Date: Thursday, January 14, 2010
Author: Nick Zieminski, Reuters

U.S. hedge funds last year lost staff to endowments, sovereign wealth funds and the U.S. Securities and Exchange Commission, and the trend is likely to continue in 2010, according to a survey by executive recruiter Heidrick & Struggles International Inc.

Veteran hedge fund and markets professionals are also in demand at the SEC, where a promise of increasing government enforcement and the creation of a new Division of Risk, Strategy, and Financial Innovation are leading to new hires, according to the survey.

Heidrick & Struggles surveyed more than 400 portfolio managers and studied more than 100 hedge fund firms for its report, released on Wednesday.

Funds with less than $1 billion under management are especially vulnerable, according to the report, which notes that 900 funds liquidated last year, after 1,500 liquidations in the prior year.

The prospect of more funds liquidating will have a direct impact on flows of talent this year as professionals seek to move to more stable firms.
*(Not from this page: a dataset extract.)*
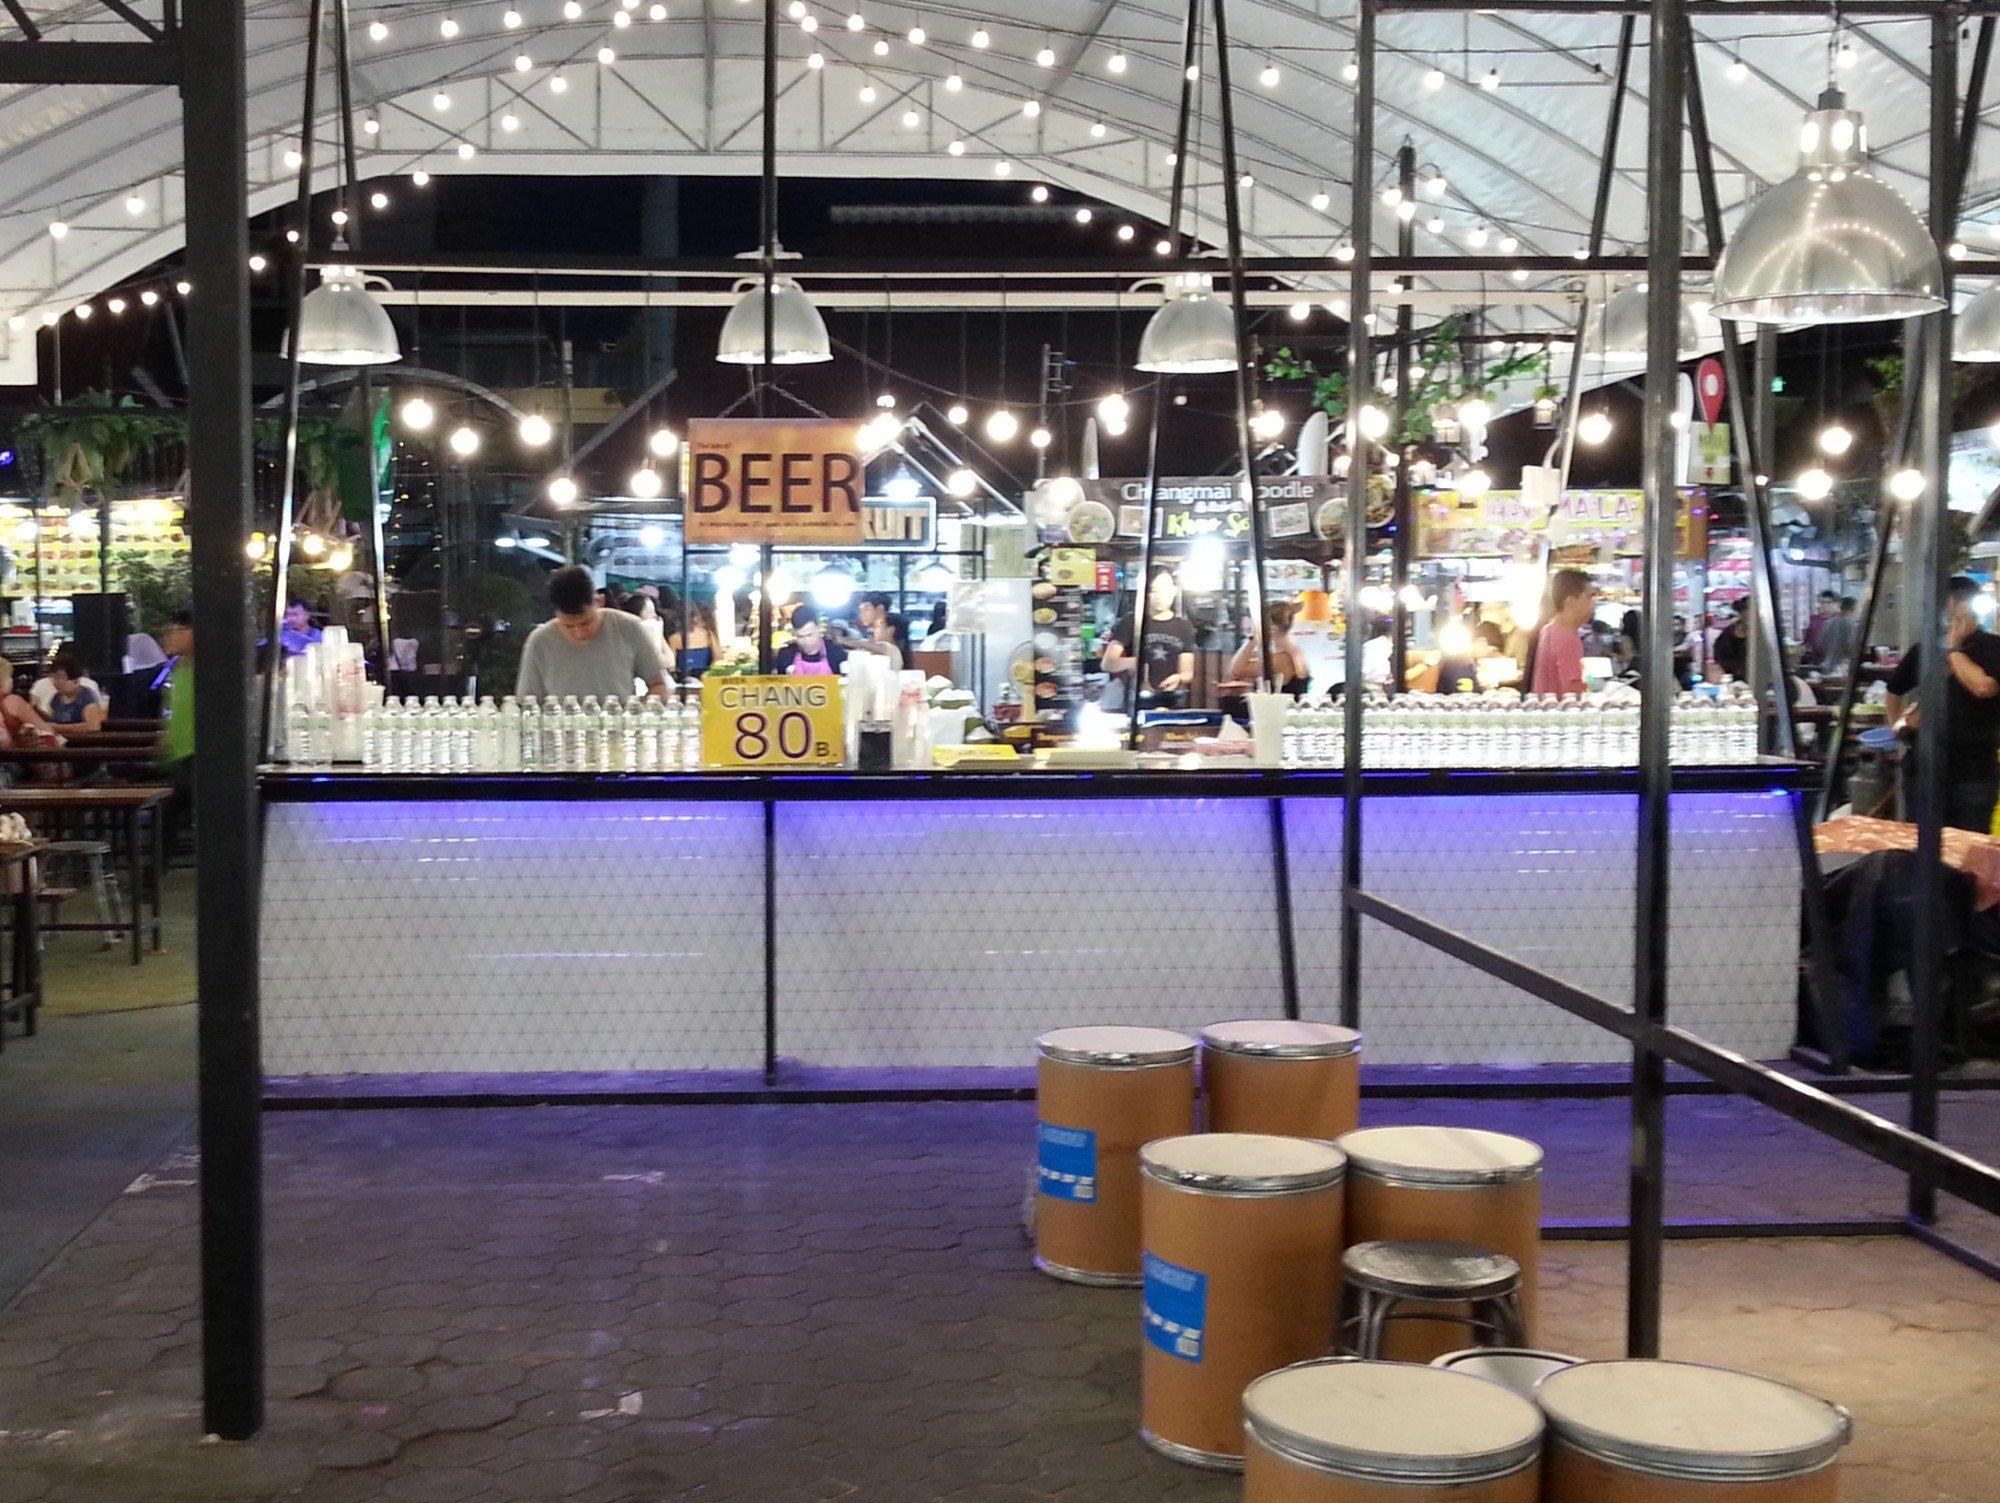 Beer station at Anusarn Market

Firms with access to sizable, stable capital are less at risk of losing top staffers, Heidrick said, as are those hedge funds that allow a high degree of autonomy.
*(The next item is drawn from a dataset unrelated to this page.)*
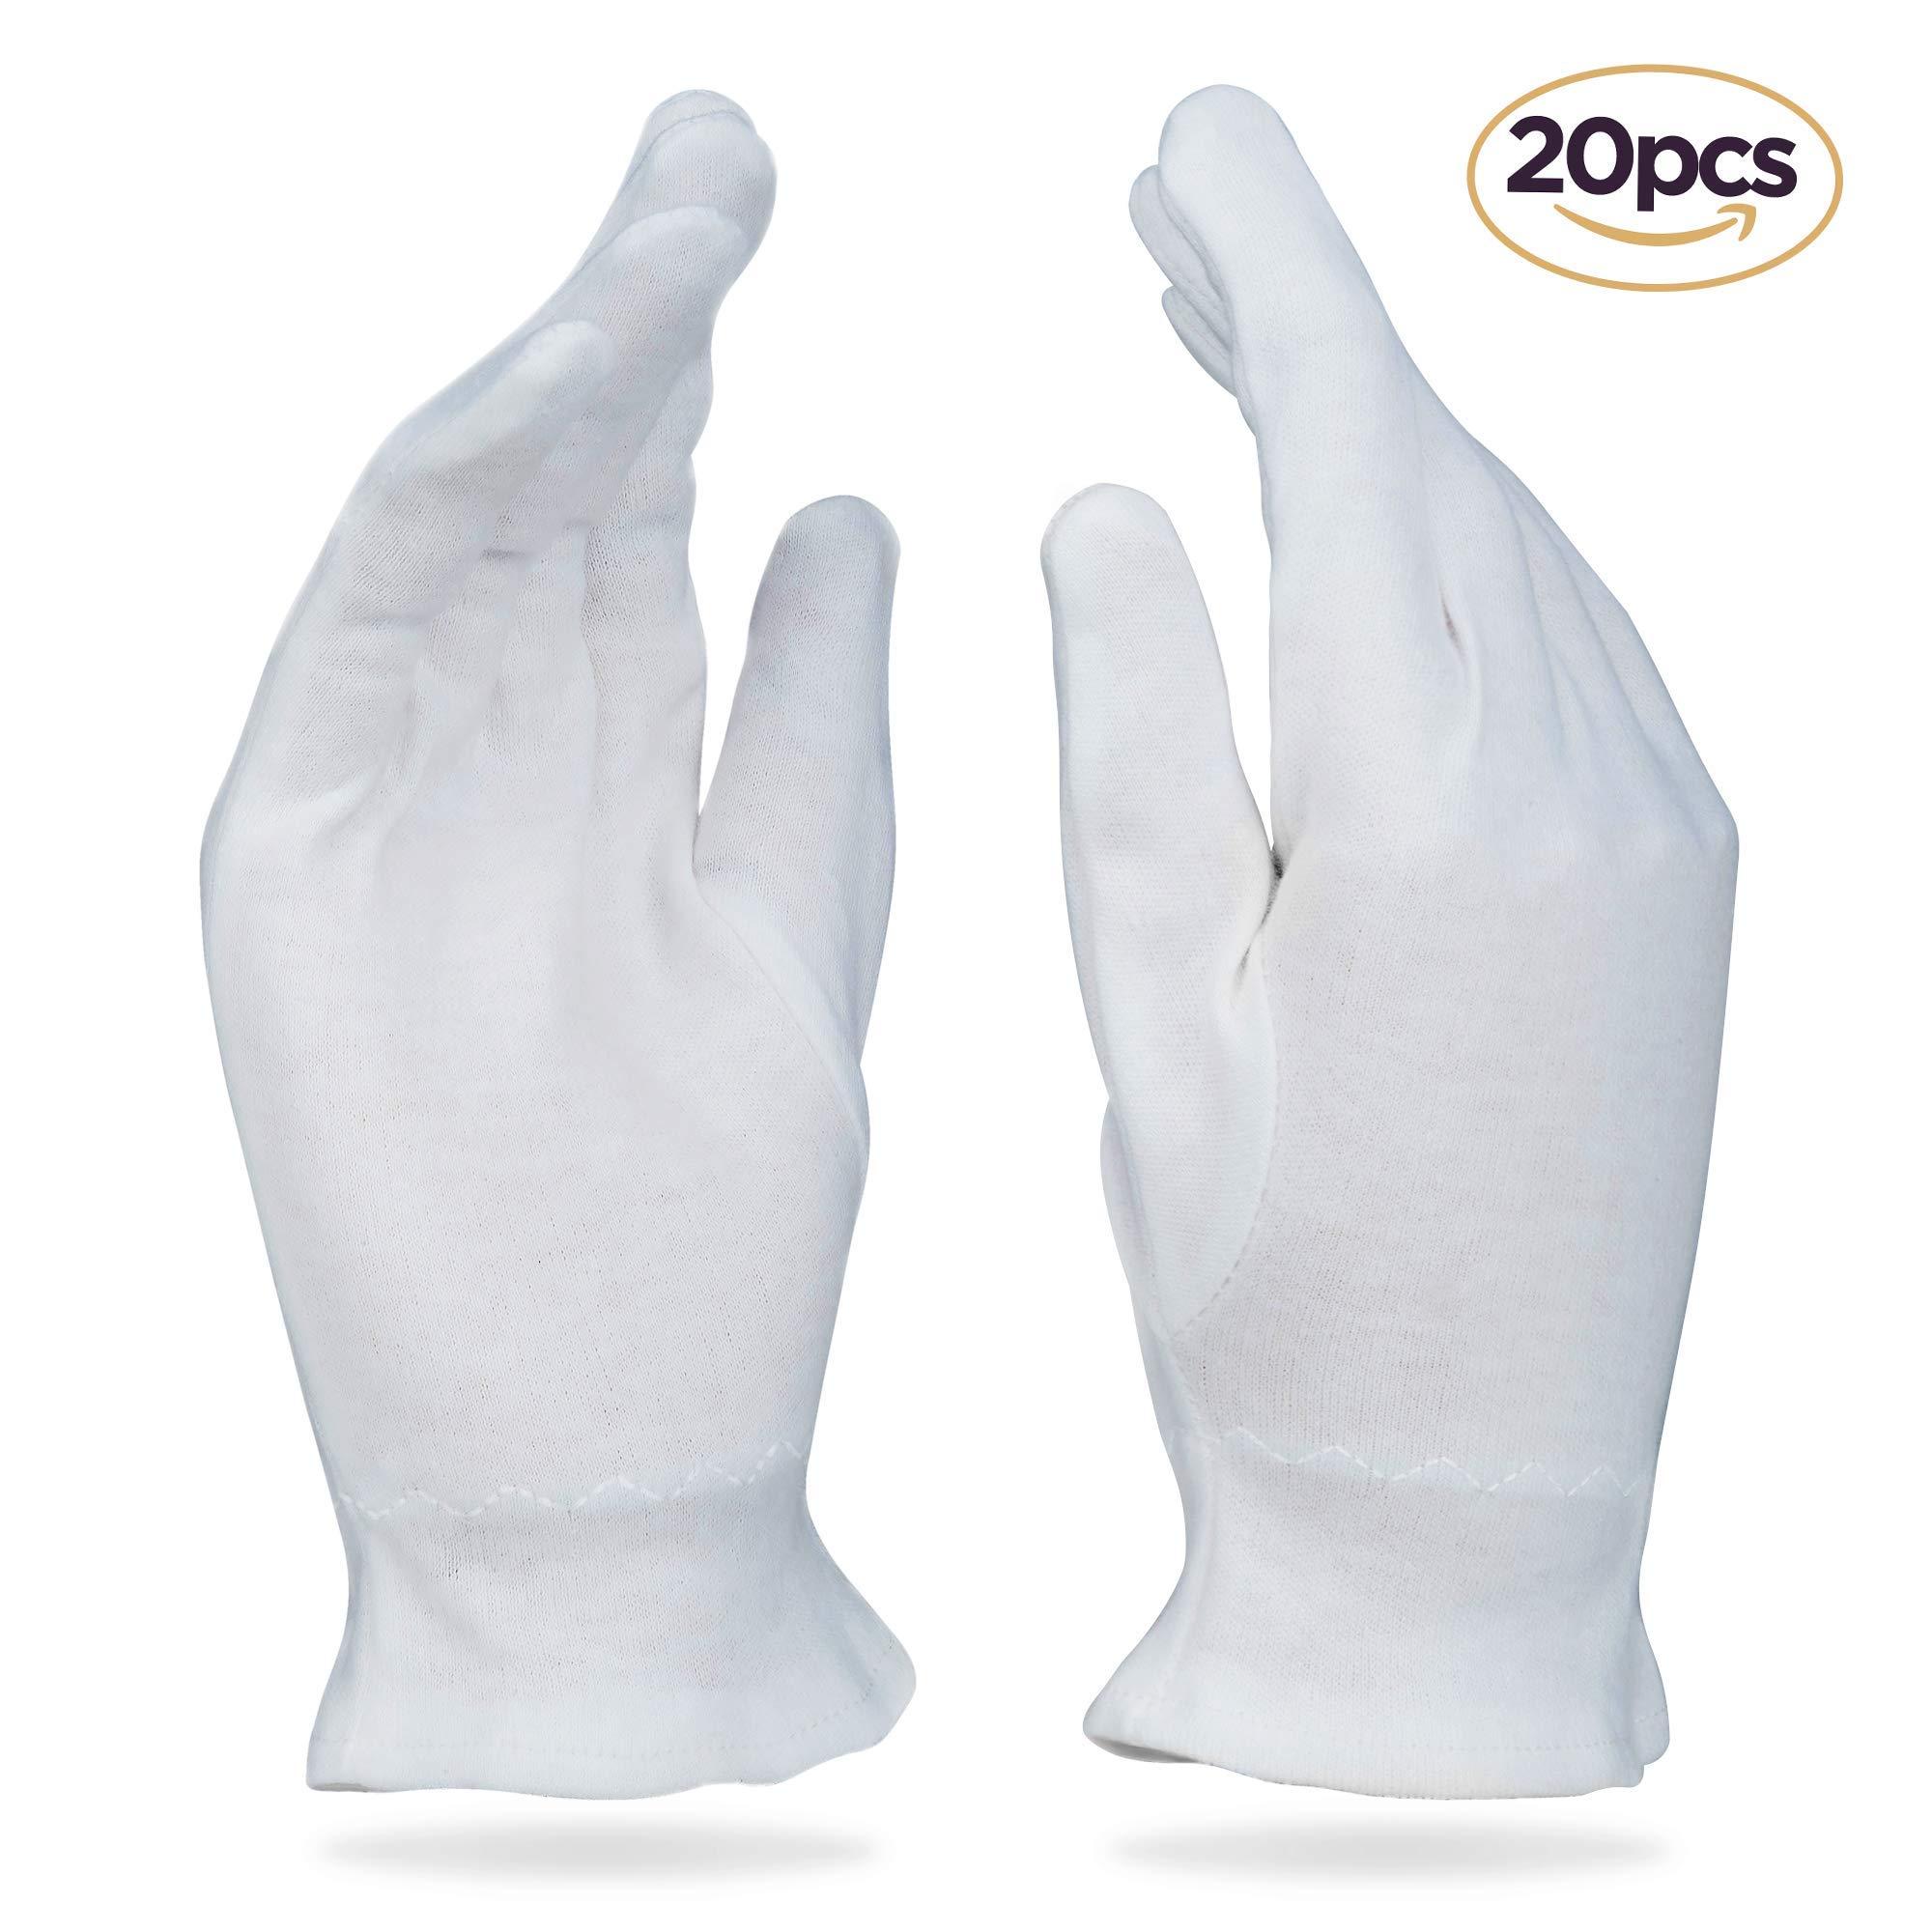 Beauty Care Wear Medium White Cotton Gloves for Eczema, Dry Skin, Moisturizing - 20 Gloves

The report predicts professionals can expect compensation guarantees to return this year, although more employers will insist on deferrals and clawback clauses. It also says compensation bidding wars should return.

"The post-TARP brain drain is turning around, with a significant increase in hiring at most large banks (and) proprietary trading firms," said Claude Schwab, head of the U.S. hedge fund practice and a partner at Heidrick & Struggles.